James Galbraith

Europe’s ideologically driven austerity policies are leading to economic and social divergence between member states that could produce chaos, not to mention complete citizen disenchantment with the European project. What Europe needs is stabilising its institutions and building on solidarity to deal with the new reality of slow growth. Such was the overriding conclusion of the extremely well attended conference organised by the European Trade Union Institute, on 11 December, with well-known American economist James Galbraith.

Mr Galbraith, after outlining the different explanations for the origins of the recent crisis, concluded that inequality and financial fraud are the main drivers of this latest economic depression. “Most explanations”, Galbraith commented, “start out from the view that this is a transient event from which recovery will proceed more or less on its own”. A lot of the “one-note” narratives of the crisis, he added, fundamentally omitted any reference to the role played by all the rising forms of inequality that result from the extreme financialisation of the global economy.

Galbraith believes that Europe’s current austerity policies will lead only to less growth, a further decline in tax revenues and weaker public institutions – which, he claims, is “a formula that will lead to destruction”. “We have been here before, and not so long ago”, the American professor pointed out, referring to the collapse of Yugoslavia, a country once hailed by economists as an example that well repaid close study. However, not only was Professor Galbraith highly critical of the neo-liberal remedies for dealing with the crisis; he took issue also with some of the progressive counter-proposals.

“Progressive economists too, have failed to understand what they were up against”, Galbraith stated. In the first years of the crisis, these economists took up the “banner of Keynesianism”, proposing stimulus programmes as a route to a quick recovery. “While this approach did not work, what it did do was to discredit alternative narratives.”

The current crisis is actually much more fundamental in nature, for the world of today is facing important obstacles to any form of return to growth. Galbraith, who believes that the “physical basis and the institutional basis of the previous growth economy are deeply impaired,” delivered the following essential message:

“The notion that we are going to have a rapid return to growth is a fantasy, no matter who is offering it. We need to condition ourselves to a slower growth rate and we need to make our societies work on the basis of that knowledge”.

What has to be done to this end, Galbraith continued, is to stabilise institutions and to focus on solidarity as the key stabilising principle in times of slower growth. By way of conclusion, he ended the presentation by proposing two “good ideas”: a European employment insurance scheme and a European pension union.

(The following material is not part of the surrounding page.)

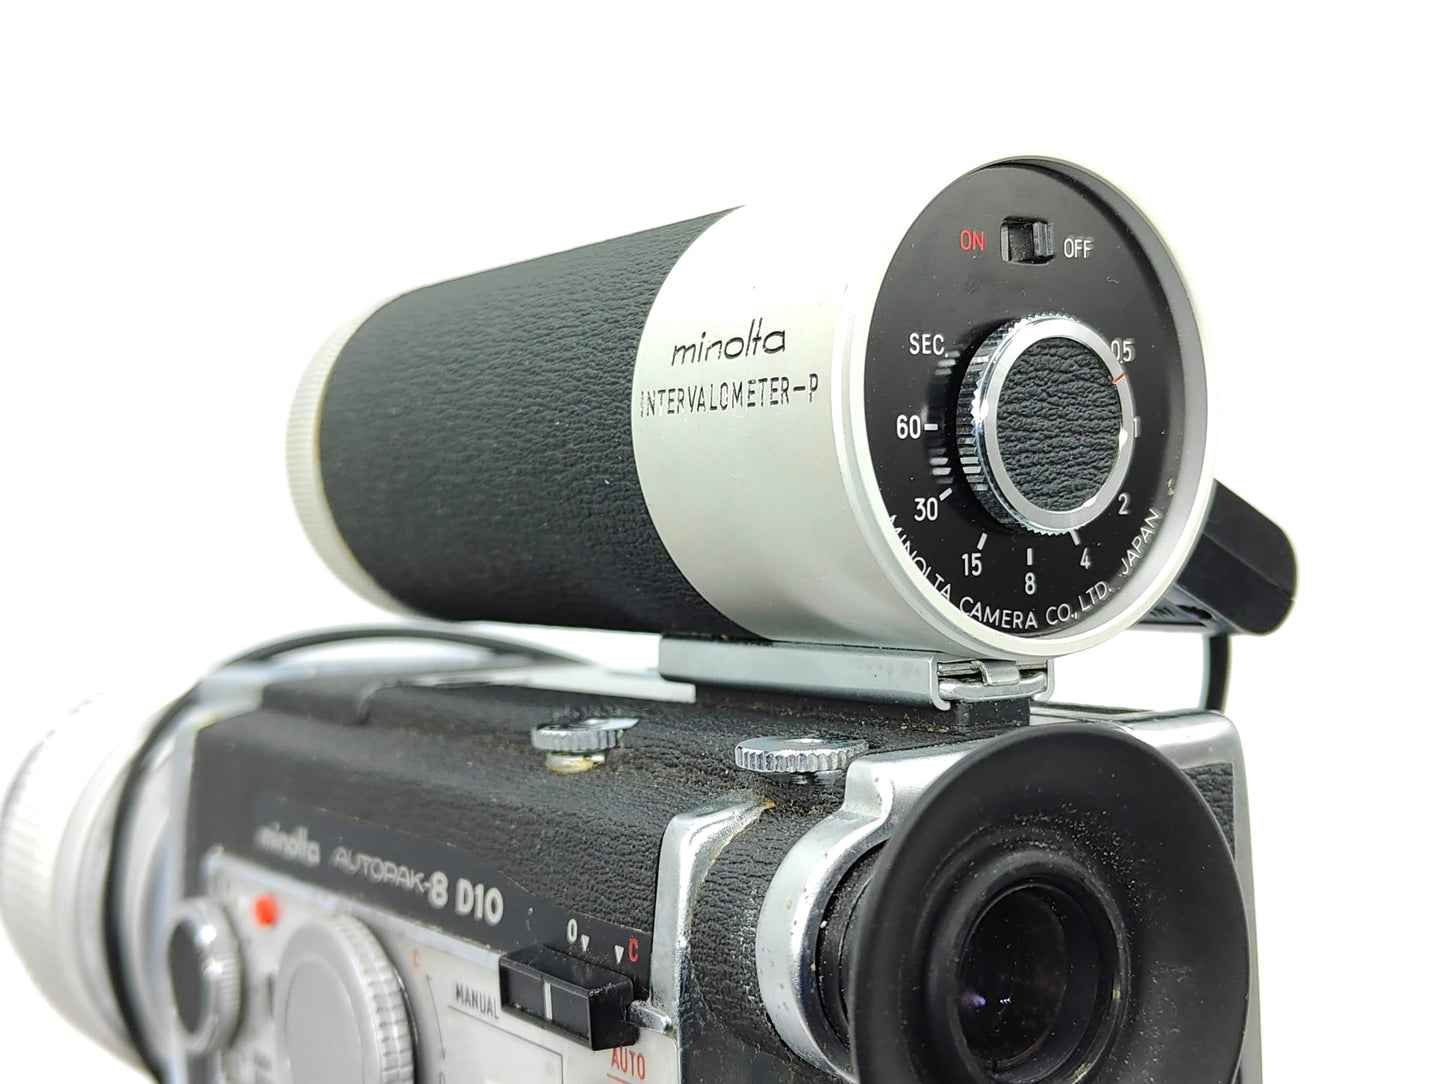 FULL SET - FILM TESTED Minolta Super-8 movie camera: Autopak-8 D10
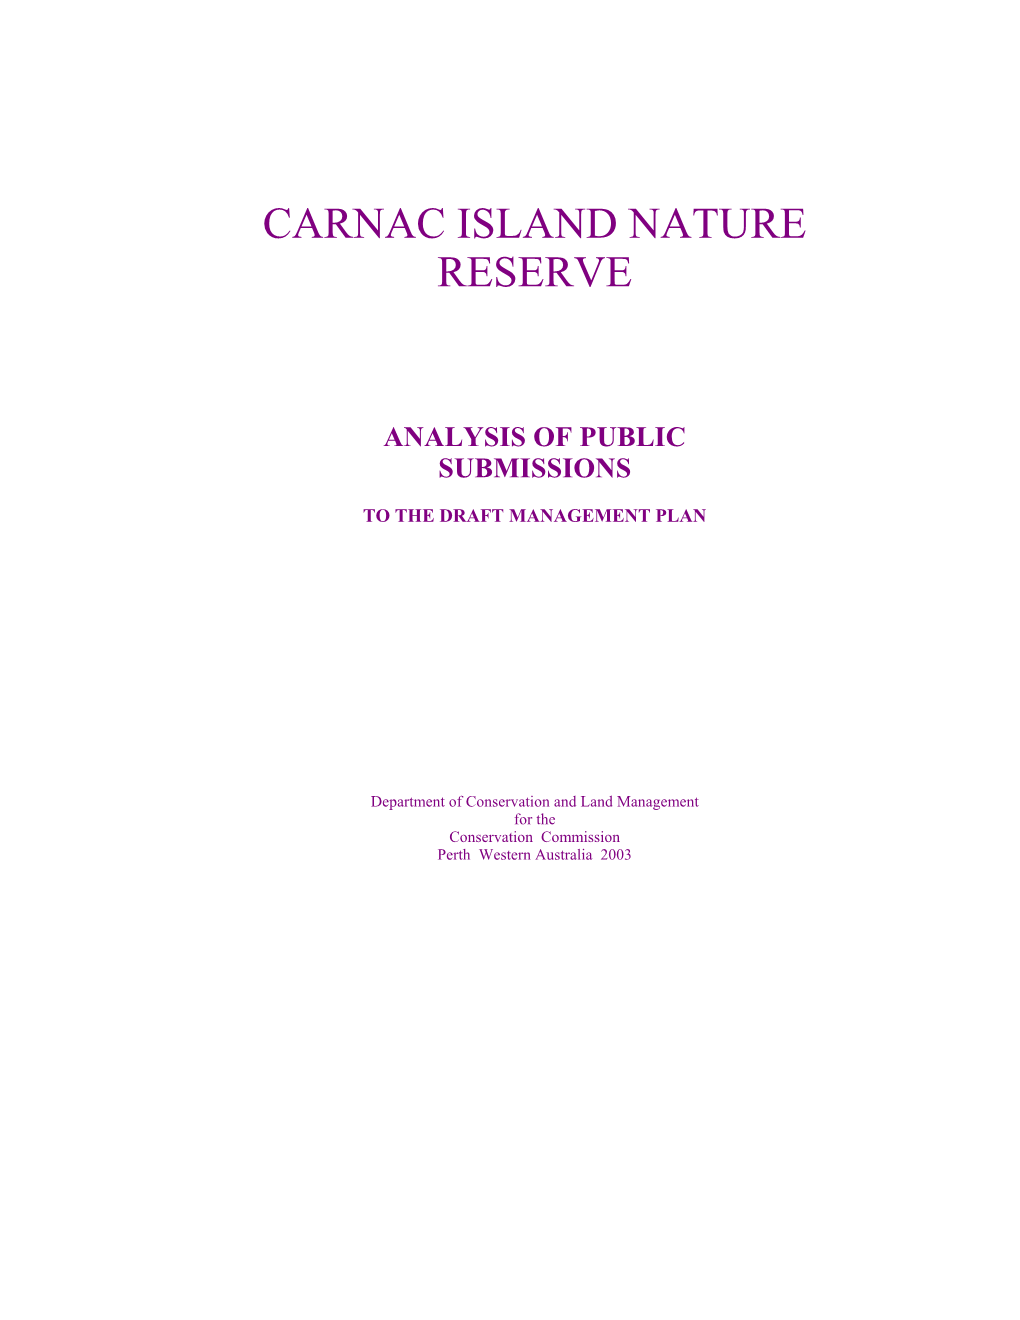 Carnac Island Nature Reserve

Commenting on Professor Galbraith’s intervention, Jan Willem Goudriaan, Deputy General Secretary of the European Public Services Union, highlighted the disenchantment of trade union members and citizens with the European project, while also criticising the EU leaders’ proposals for a so-called “genuine economic and monetary union” which “does not even pay lip service” to the trade union request for a new “Social Pact”.

Alfonso Arpaia, of the EU’s Directorate General for Economic and Financial Affairs, on the other hand, defended the Commission’s approach, emphasizing that member states are faced with some tough choices.

Finally Pierre Defraigne – of the Brussels Madariaga think-tank – agreed with James Galbraith’s analysis of the origins of the crisis. “The past decades of growth have been illusory, based on unsustainable debt and a declining economic position”, said Defraigne. “After the Thirty Glorious Years of economic growth [after the Second World War – in French known as “les Trente Glorieuses”] we have had the Thirty Deceptive Years [les Trente Trompeuses],” Defraigne continued: “that is to say, years during which we thought we were growing but failed to realise that we were buying this growth with ever more inequality and increasing over-indebtedness.”